I have two multi-level Series and would like to merge them according to both index. The first Series looks like this:
# of restaurants
BORO CUISINE
BRONX American 425
Chinese 330
Pizza 206
BROOKLYN American 1254
Chinese 750
Cafe/Coffee/Tea 350
The second one has more rows and is like this:
# of votes
BORO CUISINE
BRONX American 2425
Caribbean 320
Chinese 3130
Pizza 3336
BROOKLYN American 21254
Caribbean 2320
Chinese 7250
Cafe/Coffee/Tea 3350
Pizza 13336
Setup:
s1 = pd.Series({('BRONX', 'American'): 425, ('BROOKLYN', 'Chinese'): 750, ('BROOKLYN', 'Cafe/Coffee/Tea'): 350, ('BRONX', 'Pizza'): 206, ('BROOKLYN', 'American'): 1254, ('BRONX', 'Chinese'): 330})
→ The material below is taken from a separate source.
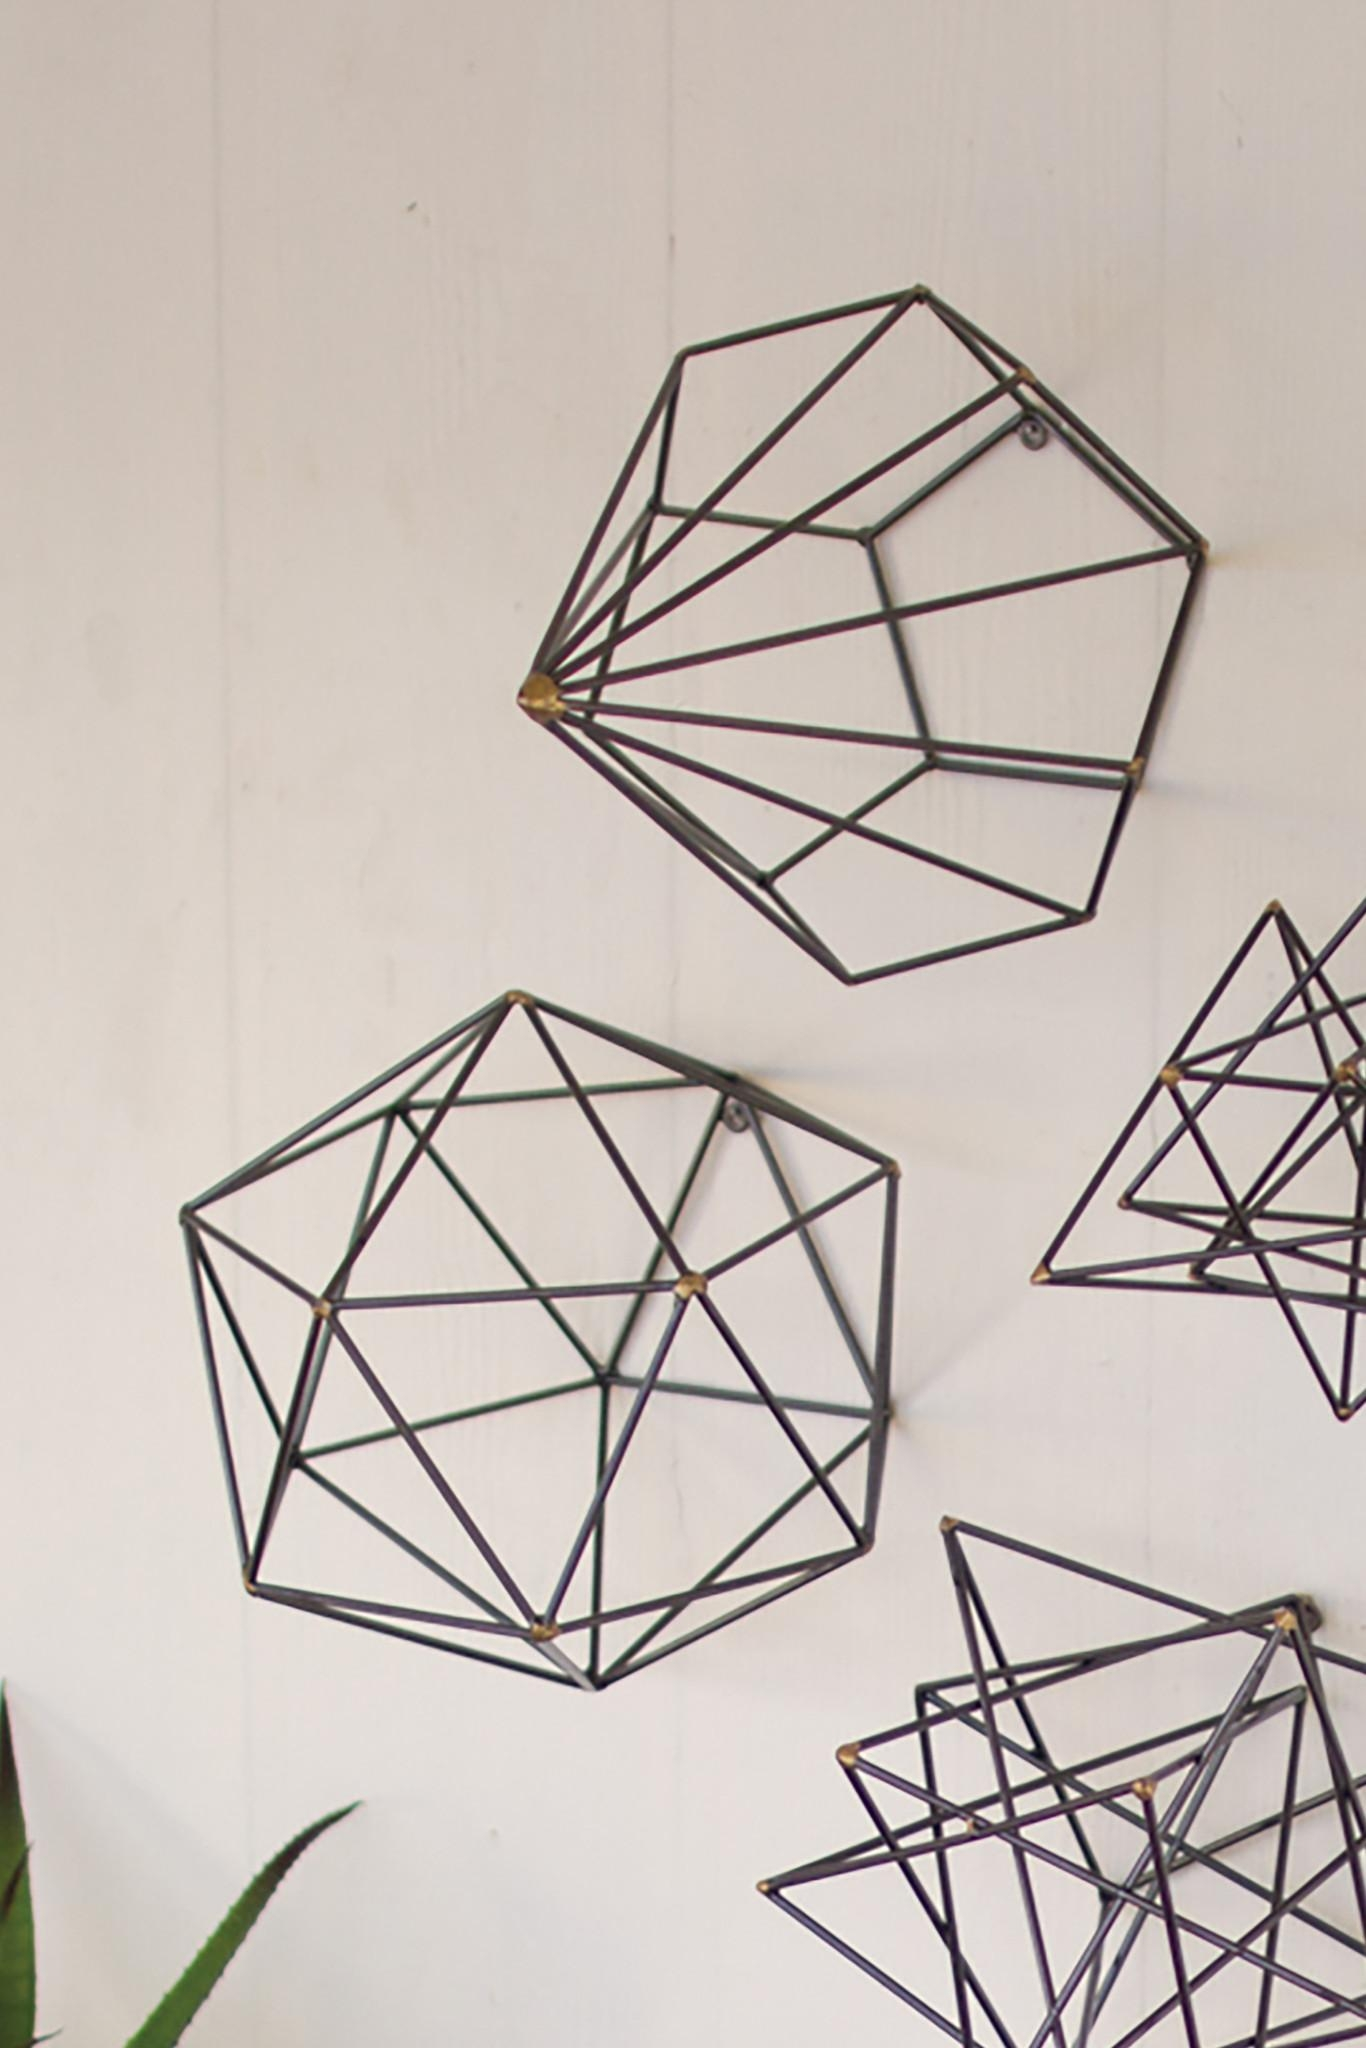 Geometric Metal Wall Art Elegant Diy Wall Art For Oversized Wall Intended For Oversized Metal Wall Art (Image 8 of 23)

s2 = pd.Series({('BRONX', 'Caribbean'): 320, ('BRONX', 'American'): 2425, ('BROOKLYN', 'Chinese'): 7250, ('BROOKLYN', 'Cafe/Coffee/Tea'): 3350, ('BRONX', 'Pizza'): 3336, ('BROOKLYN', 'American'): 21254, ('BROOKLYN', 'Pizza'): 13336, ('BRONX', 'Chinese'): 3130, ('BROOKLYN', 'Caribbean'): 2320})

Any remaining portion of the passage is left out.